Mina M. Rahimian, Ph.D. Texas A&M University

2.1  Introduction of Induction Motor Fault This section briefly summarizes motor fault conditions and their cause, especially for the induction motor. The eccentricity related faults, broken rotor bar faults, bearing faults, and stator faults, which account for more than 90% of overall induction motor failures, are considered [1–3]. 2.1.1  Bearing Faults Bearing faults account for more than 40% of all electric motor failures [5–7]. Most of the bearings in industrial facilities run under nonideal conditions and are subject to fatigue, ambient mechanical vibration, overloading, misalignment, contamination, current fluting, corrosion, and wrong lubrication.
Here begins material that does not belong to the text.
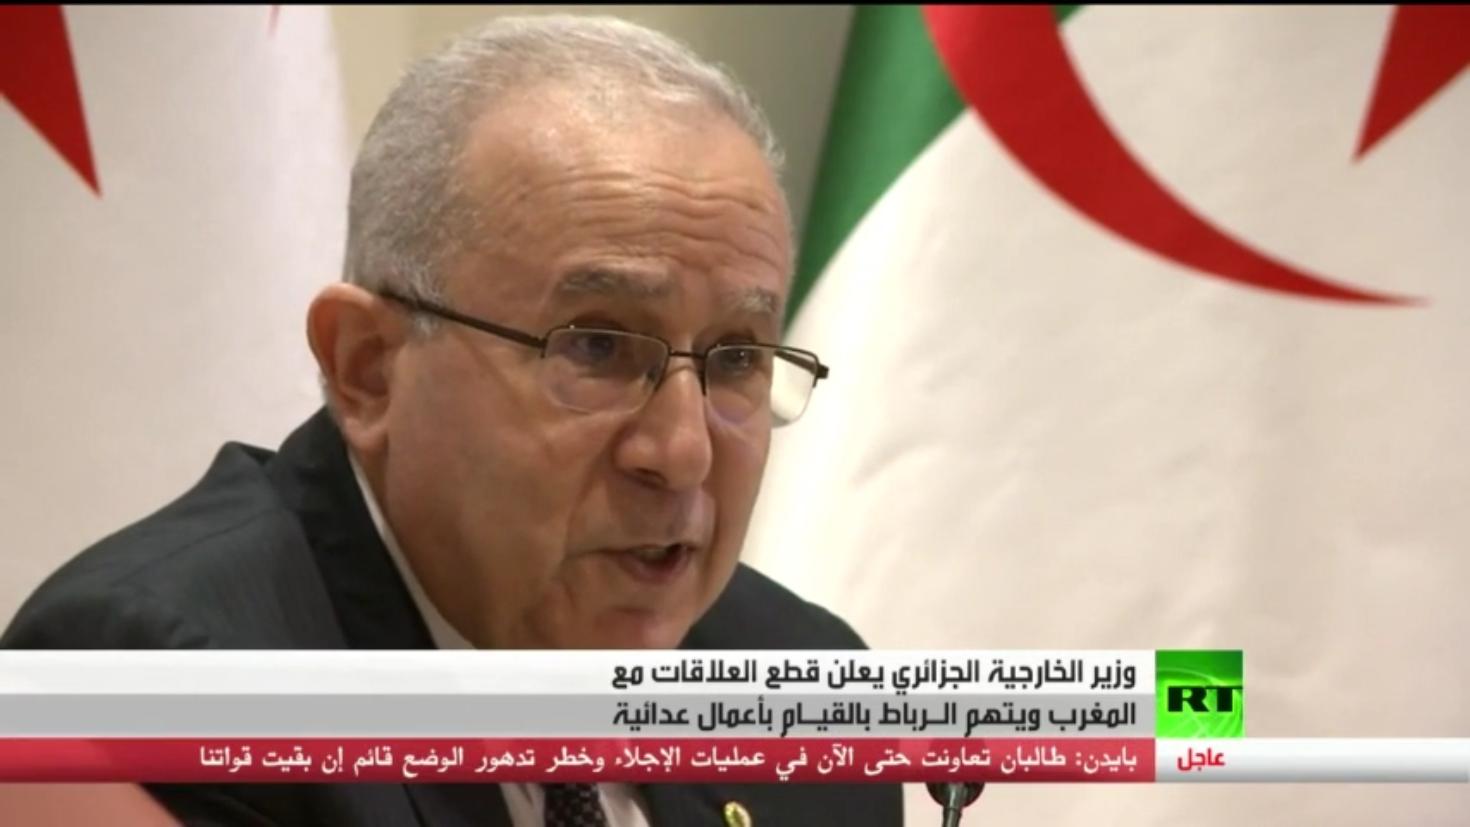 الجزائر تعلن عن قطع العلاقات مع المغرب
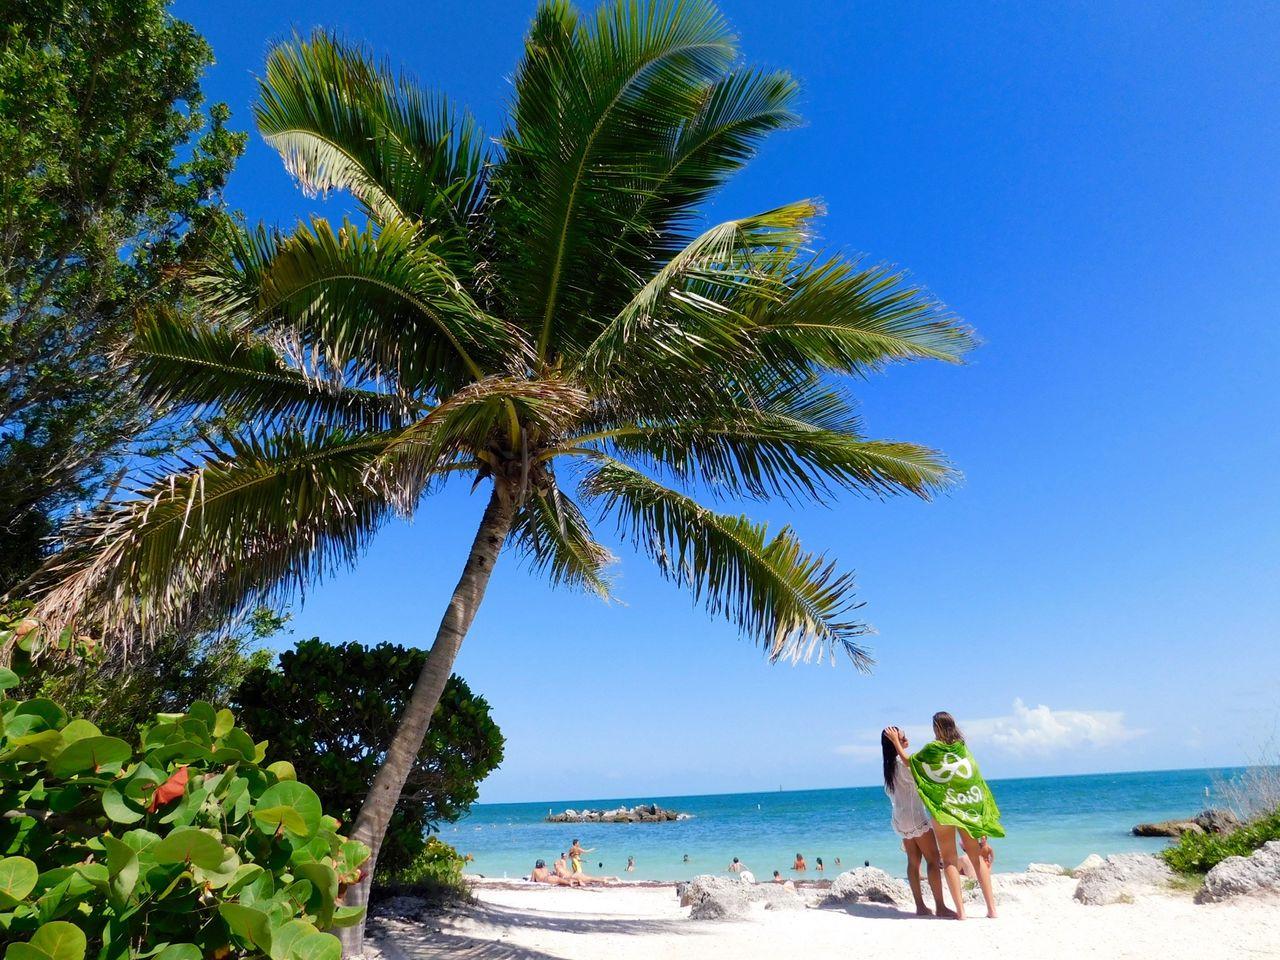 Hôtels pas chers Deerfield Beach: Consultez 3273 avis de voyageurs, photos.

These nonideal conditions start as marginal defects that spread and propagate on the inner raceway, outer raceways, and rolling elements (see Figure 2.1). After a while the defect becomes significant and generates mechanical vibration causing acoustic noise. Basically, bearing faults can be classified as outer raceway, inner raceway, ball defect, and cage defect, which are the main sources of machine vibration. These mechanical vibrations in the air gap due to bearing faults can be considered as slight rotor displacements, which result in instant eccentricities. Therefore, the basic fault signature frequency equation of line current due to bearing defects is adopted from eccentricity literature [10]. Mechanical vibration, infrared or thermal, and acoustic analyses are some of the commonly used predictive maintenance methods to monitor the health of the bearings to prevent motor failures.